For the most part, the spokespeople for the Family Research Council manage to advocate their right-wing anti-gay agenda in manner seemingly designed to avoid controversy and appear moderate and fair-minded.
That is not to say that its agenda isn't misguided and offensive - it is - but simply to note that, by and large, people from FRC tend not to say particularly radical things that expose the hostility toward gays that underlies much of their work.
The one exception to that rule is FRC Senior Fellow for Policy Studies Peter Sprigg, who seems to think that the best way for government and society to deal with gays is to treat them as pariahs.
Last year, during a discussion of the Uniting American Families Act, legislation which would allow same-sex partners to be united legally through the U.S. immigration process, Sprigg explained FRC's opposition to the bill by saying that the last thing the U.S. should be is importing gays:
I would much prefer to export homosexuals from the United States than to import them into the United States because we believe homosexuality is destructive to society.

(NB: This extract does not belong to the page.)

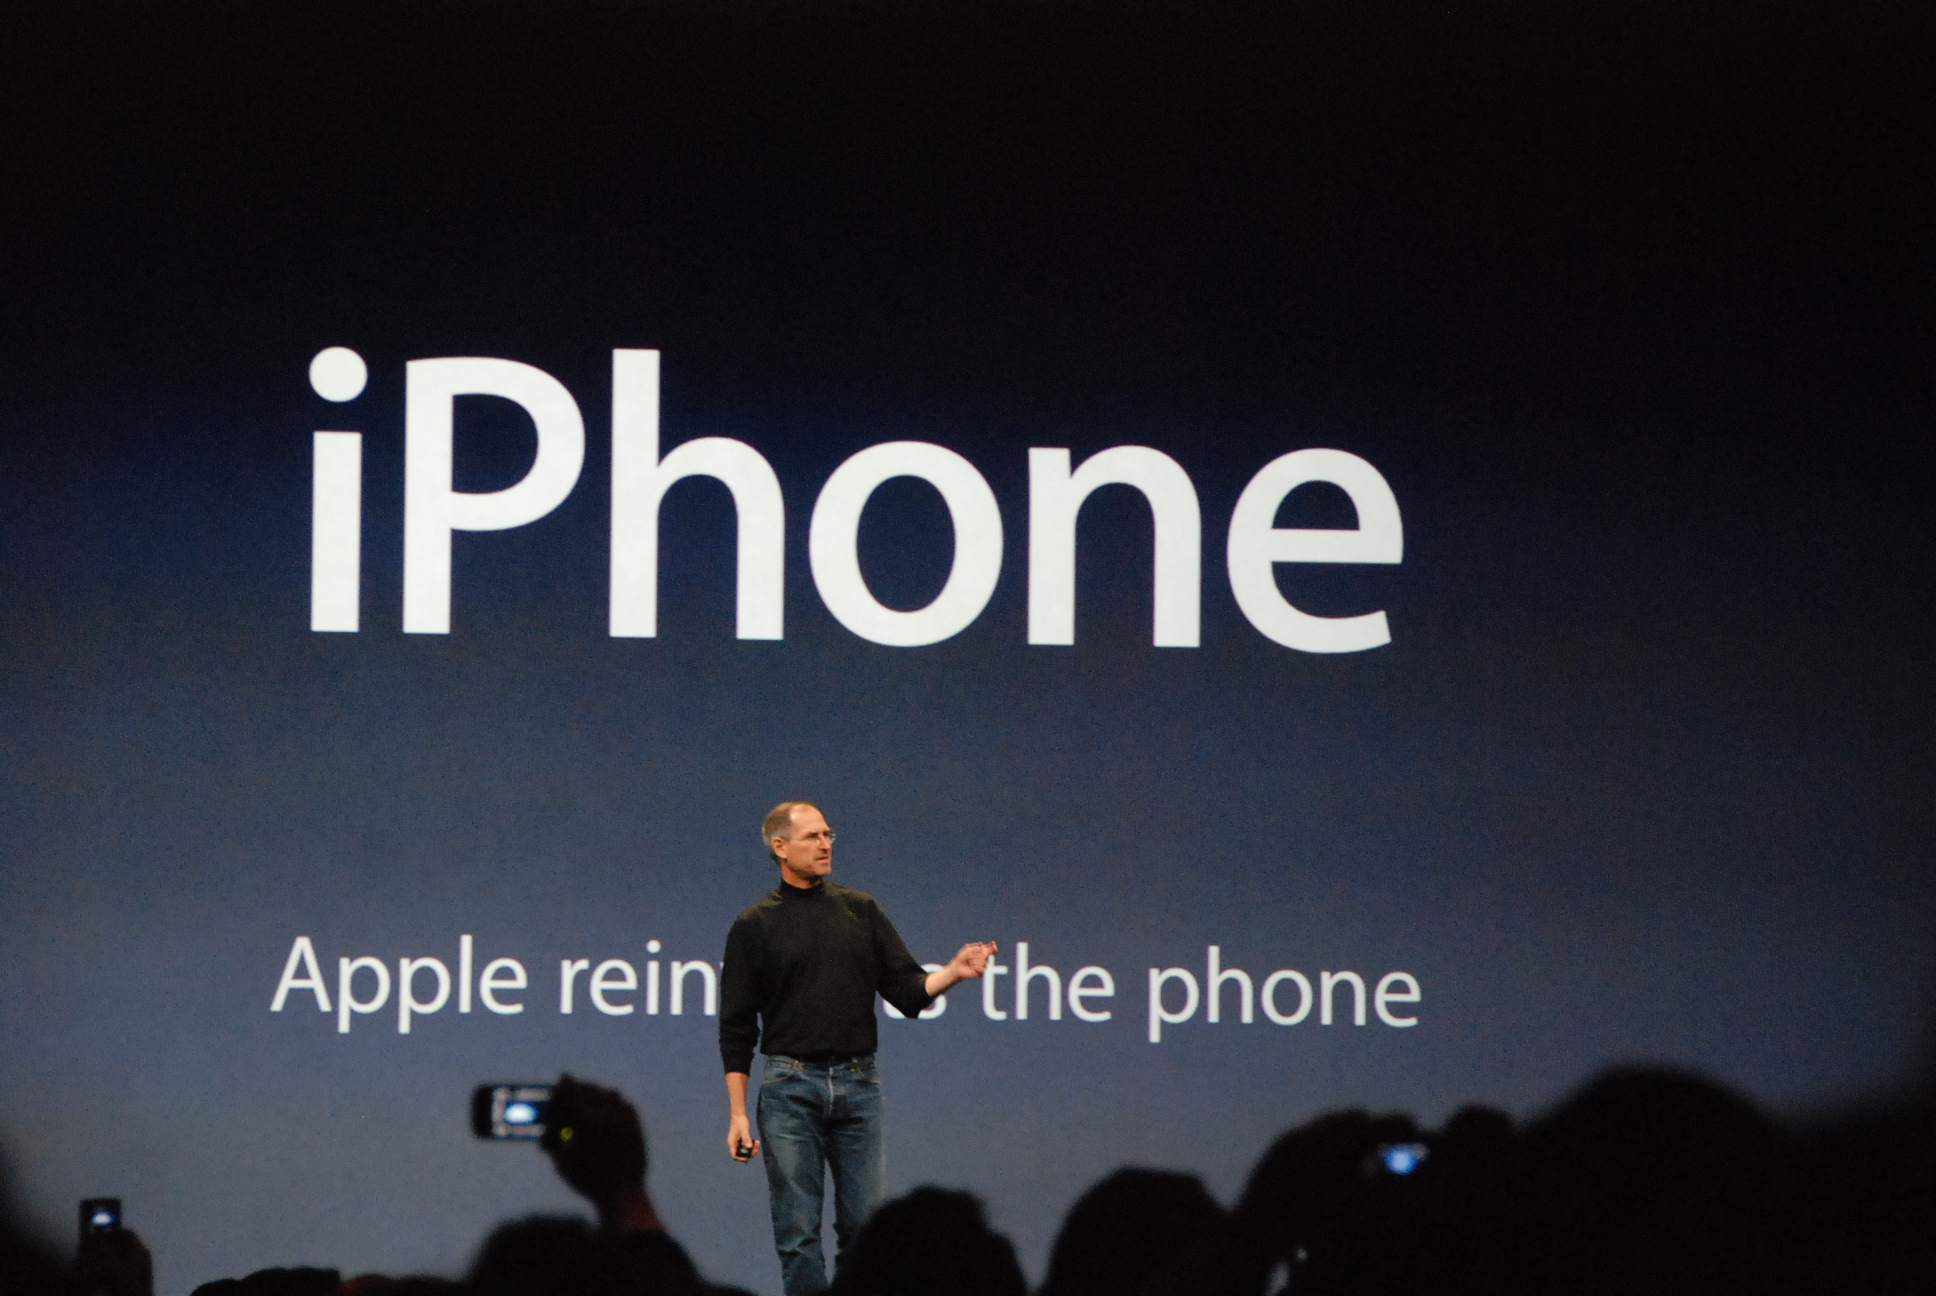 Steve Jobs debout devant la diapositive lors de l'introduction de l'iPhone en janvier 2007 montrant le slogan "Apple réinvente le téléphone"

Sprigg eventually apologized for the remark, but Sprigg continues to speak out against anything and everything that he feels might normalize homosexuality or otherwise lead to equality for gays in ways that barely conceal his contempt.
For example, today Voice of America ran an article about Frank Kameny who, in 1957, was fired from his job as an astronomer with the Army Map Service for being gay but who was on hand this week when President Obama extended some benefits to the partners of gay government employees. The article notes that gays have made tremendous strides toward achieving equality over the last several decades but acknowledges that there are still those who are vehemently opposed to this progress and turned to Sprigg for comment:
Today, gays and lesbians do not suffer the discrimination they did decades ago. President Obama recently appointed an openly gay man to head the Office of Personnel Management, the same institution that fired Kameny for being gay 52 years ago.
Despite that, there is still a strong movement against gay rights, and in some cases, against homosexuality.
The Family Research Council in Washington is among the concerned groups. The council's policy analyst, Peter Sprigg, says he believes homosexual conduct is harmful to society.
"We should be discouraging it rather than encouraging it," Sprigg said. "And any time you give a benefit or a subsidy for a particular behavior, you're obviously encouraging it. We just feel that that's bad public policy."
Sprigg says people should not be afforded special rights for what he considers to be their chosen way of life.
"We do not believe that anyone is born gay. Evidence for genetic or biological origin for homosexuality from birth is weak to non-existent," Sprigg said.
Ignoring the obvious hypocrisy of the fact that Sprigg doesn't think people should get special rights for "choosing" to be gay while they do deserve special rights for choosing to be ... say, Christian, I'm curious to know just what Sprigg thinks that the government should be doing in order to "discourage" homosexuality?
Tax it? Oppress it? Make it a criminal offense?
It's one thing to argue that the government should not be recognizing the validity of gays and their relationships or granting them equality - that's offensive as it is - but it is even more offensive to claim that the government should be actively "discouraging" homosexuality and I'd really love to know just what exactly Sprigg has in mind.